Segment Open

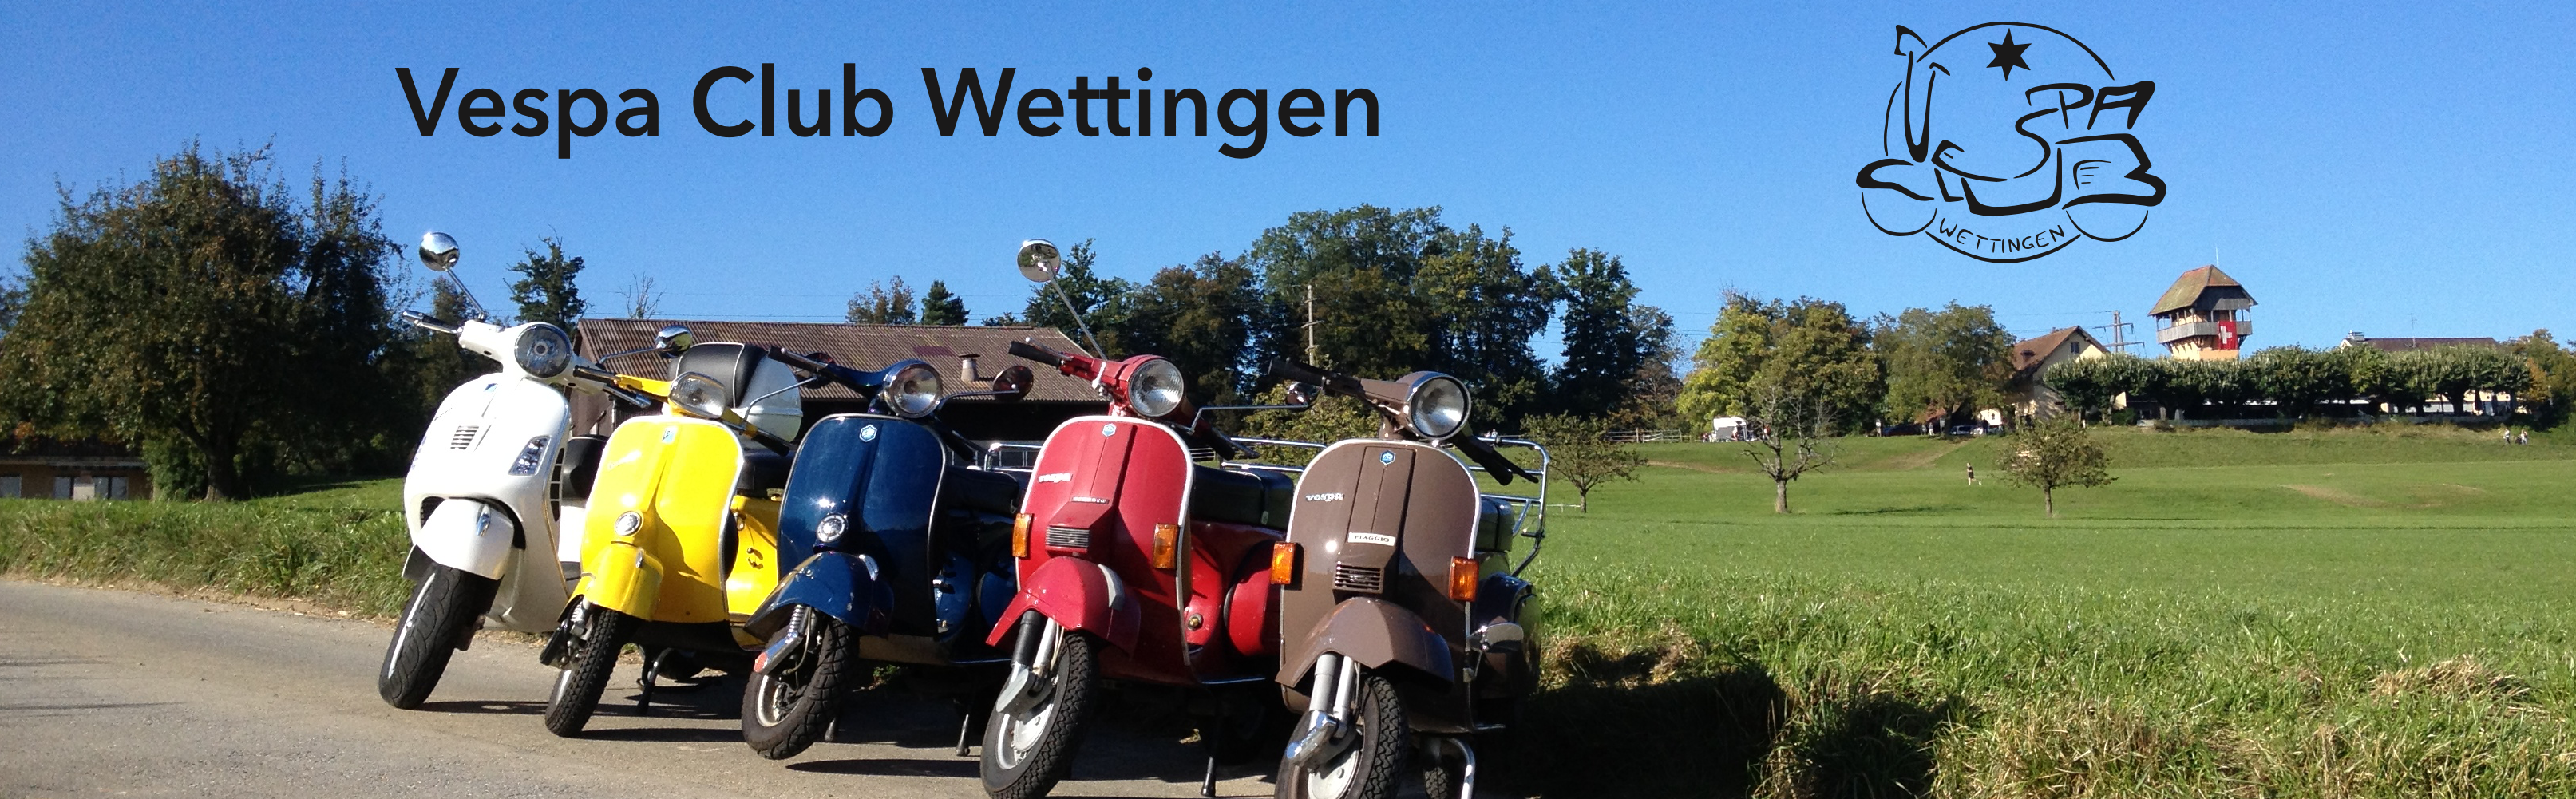 Vespa Club Wettingen
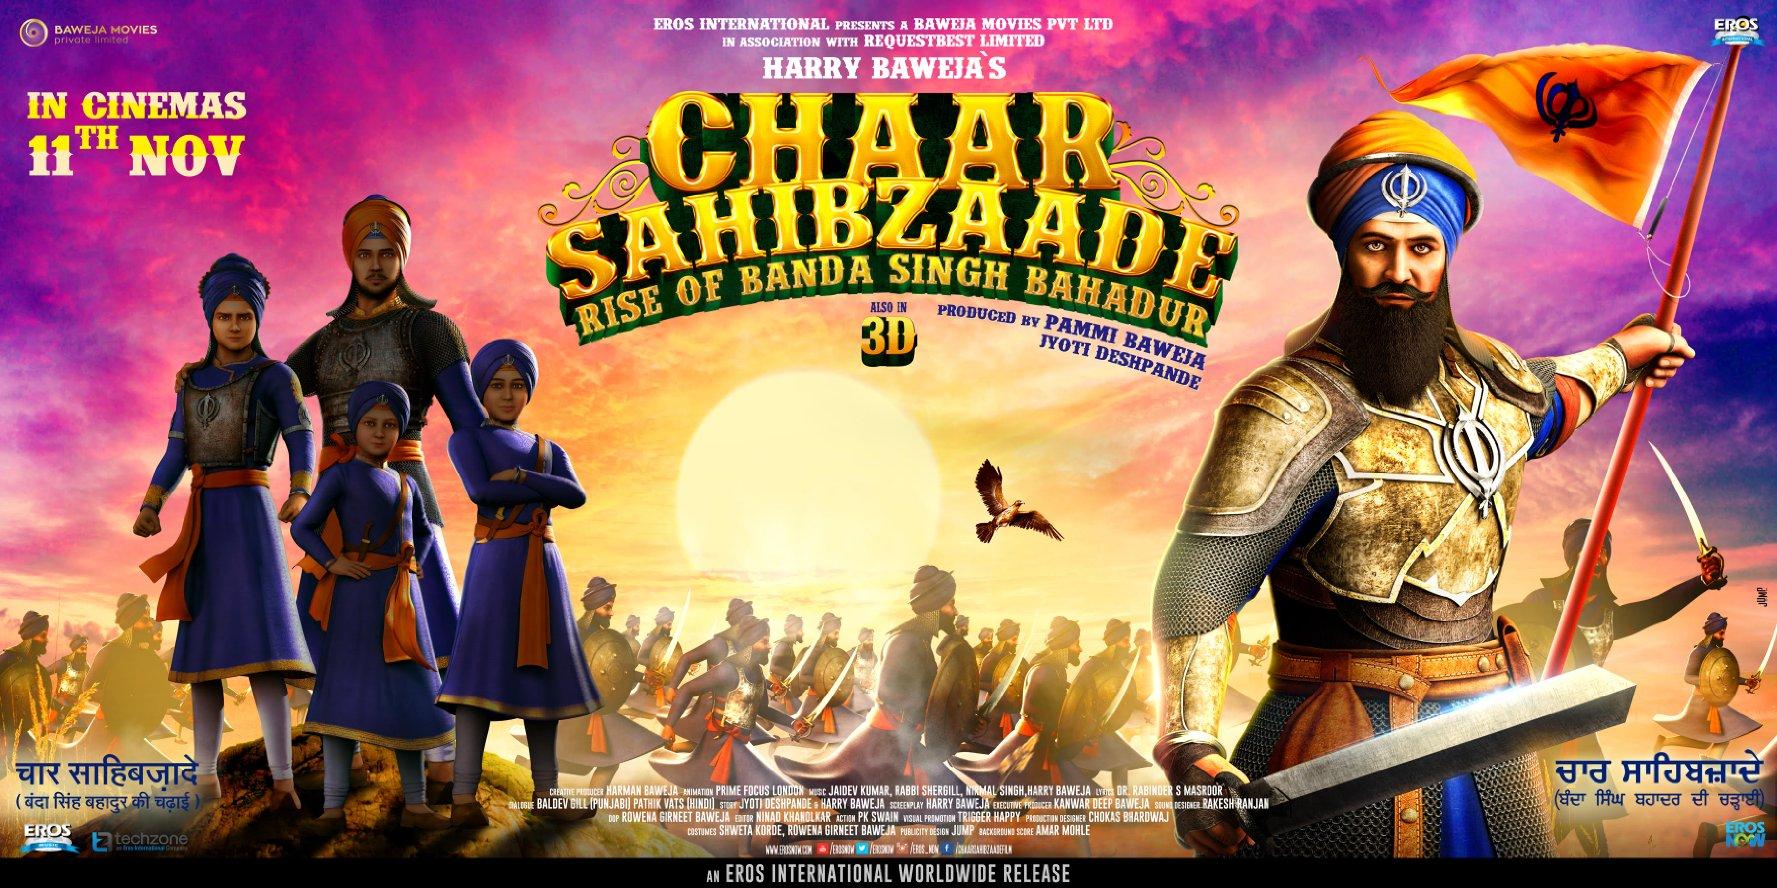 Chaar Sahibzaade 2: Rise of Banda Singh Bahadur (2016) Hindi 720p HDRip x264 655 MB
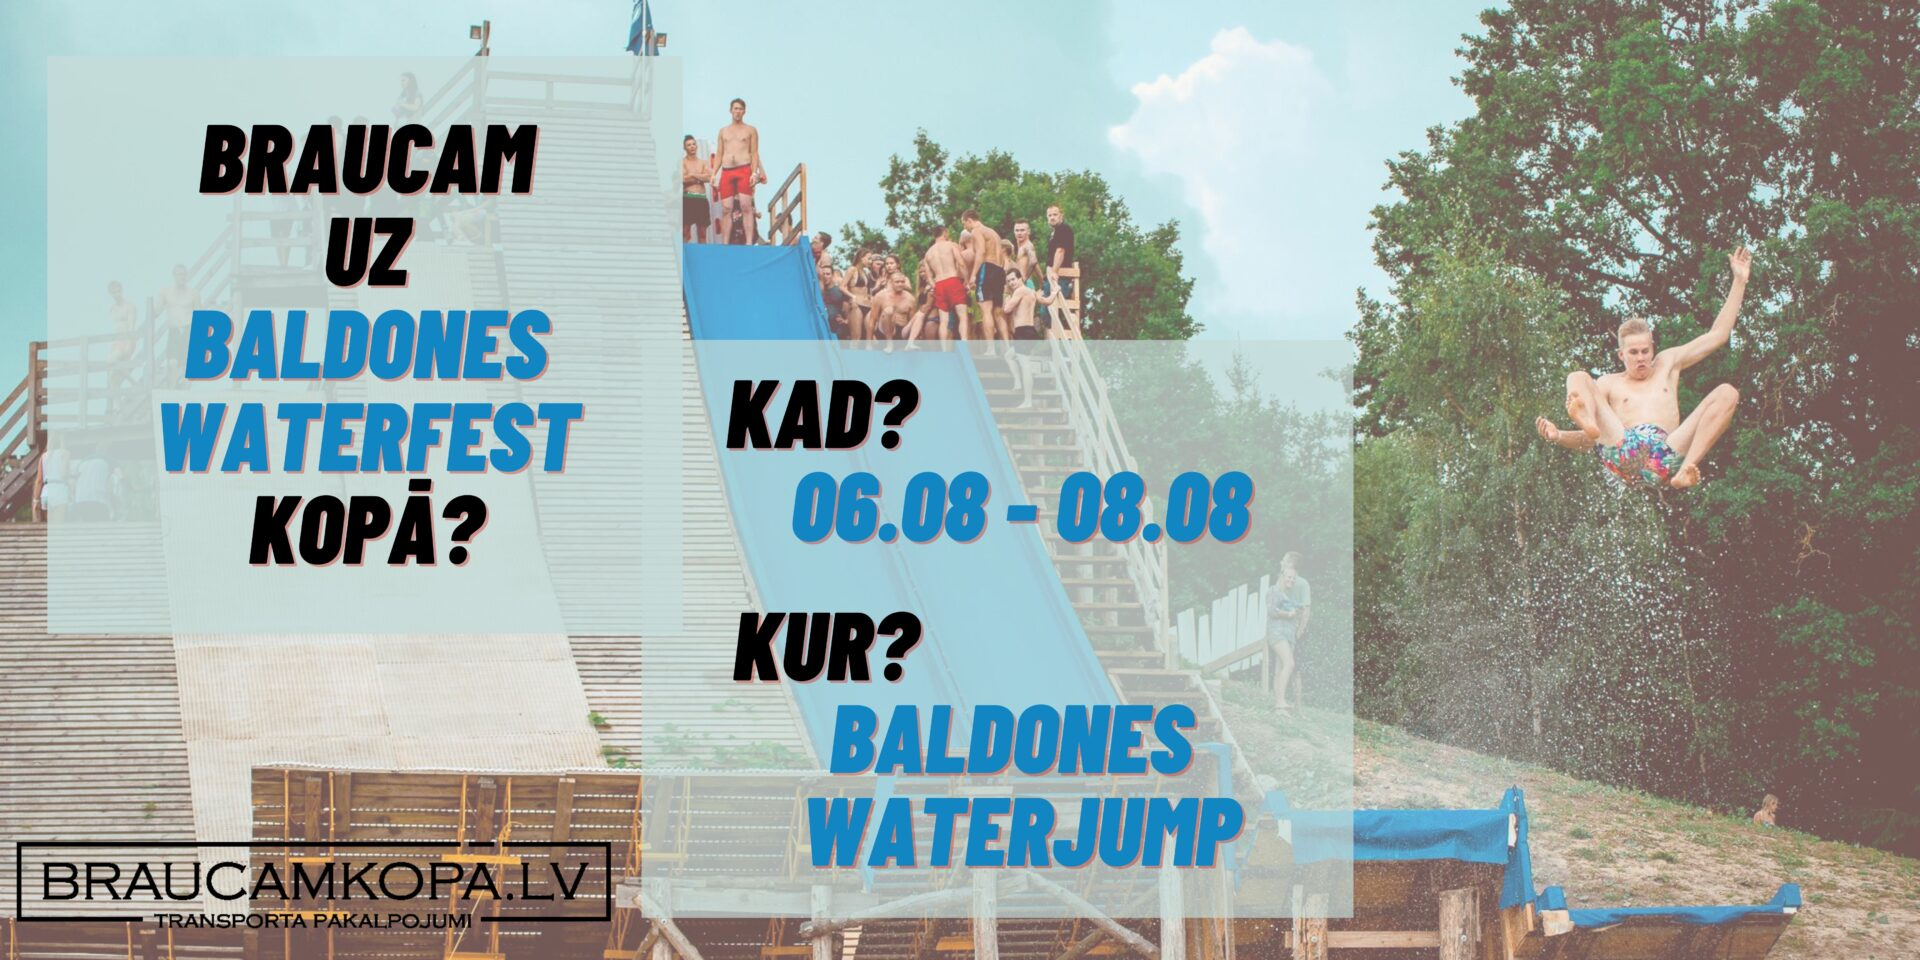 Baldones Waterfest, 06.08-08.08.2021
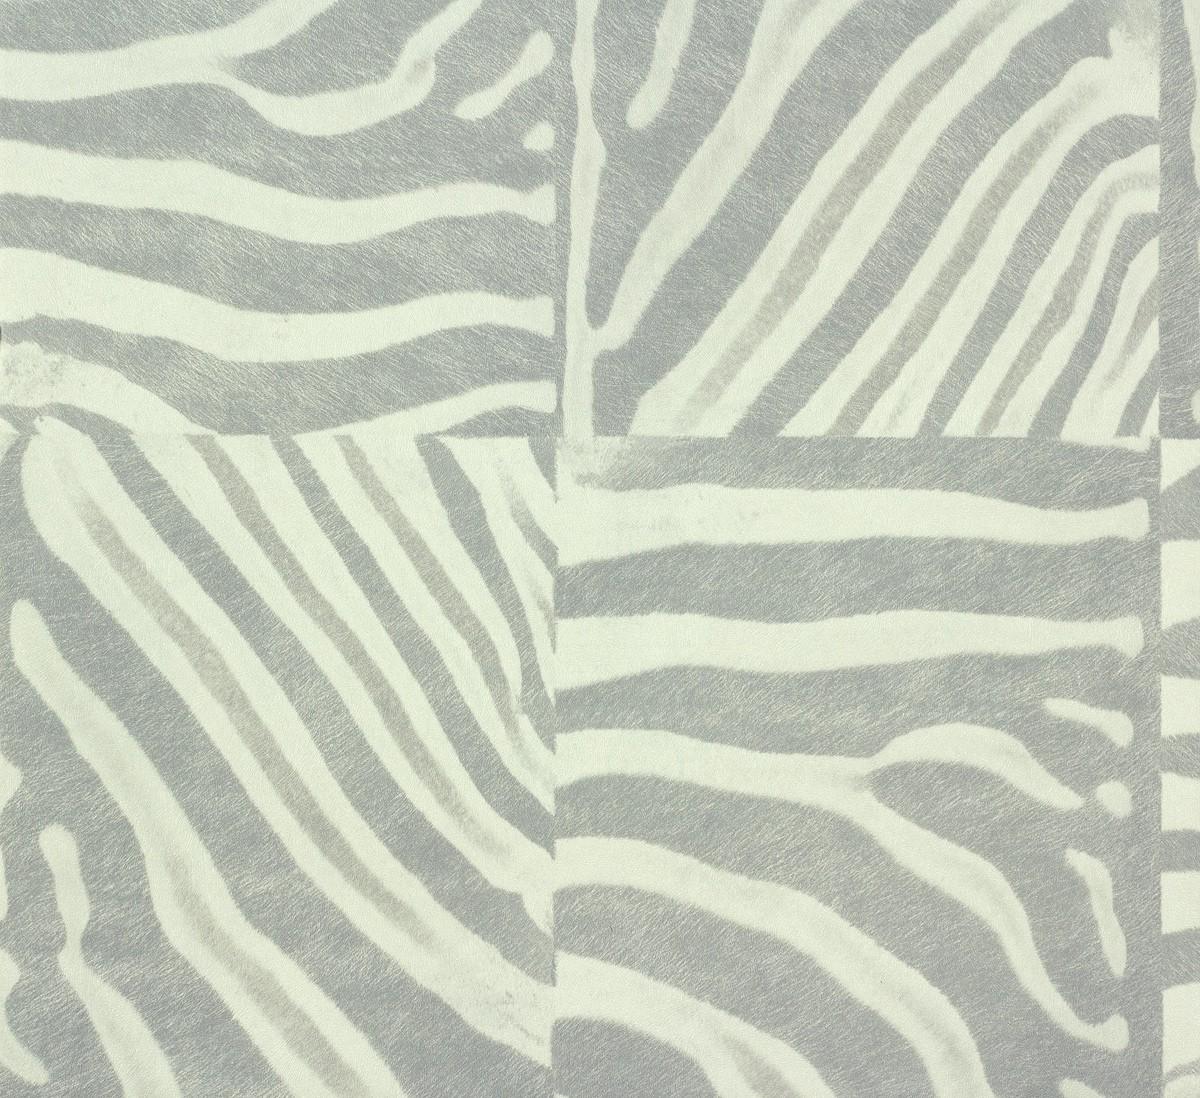 rasch tapeten pop skin zebraoptik grau weiss 498530. Black Bedroom Furniture Sets. Home Design Ideas

Segment Closed

- [Task details] The answer should match the data above word for word, with no pictures in it.

- [Result for this exercise]
 Vespa Club Wettingen
 Chaar Sahibzaade 2: Rise of Banda Singh Bahadur (2016) Hindi 720p HDRip x264 655 MB
 Baldones Waterfest, 06.08-08.08.2021
 rasch tapeten pop skin zebraoptik grau weiss 498530. Black Bedroom Furniture Sets. Home Design Ideas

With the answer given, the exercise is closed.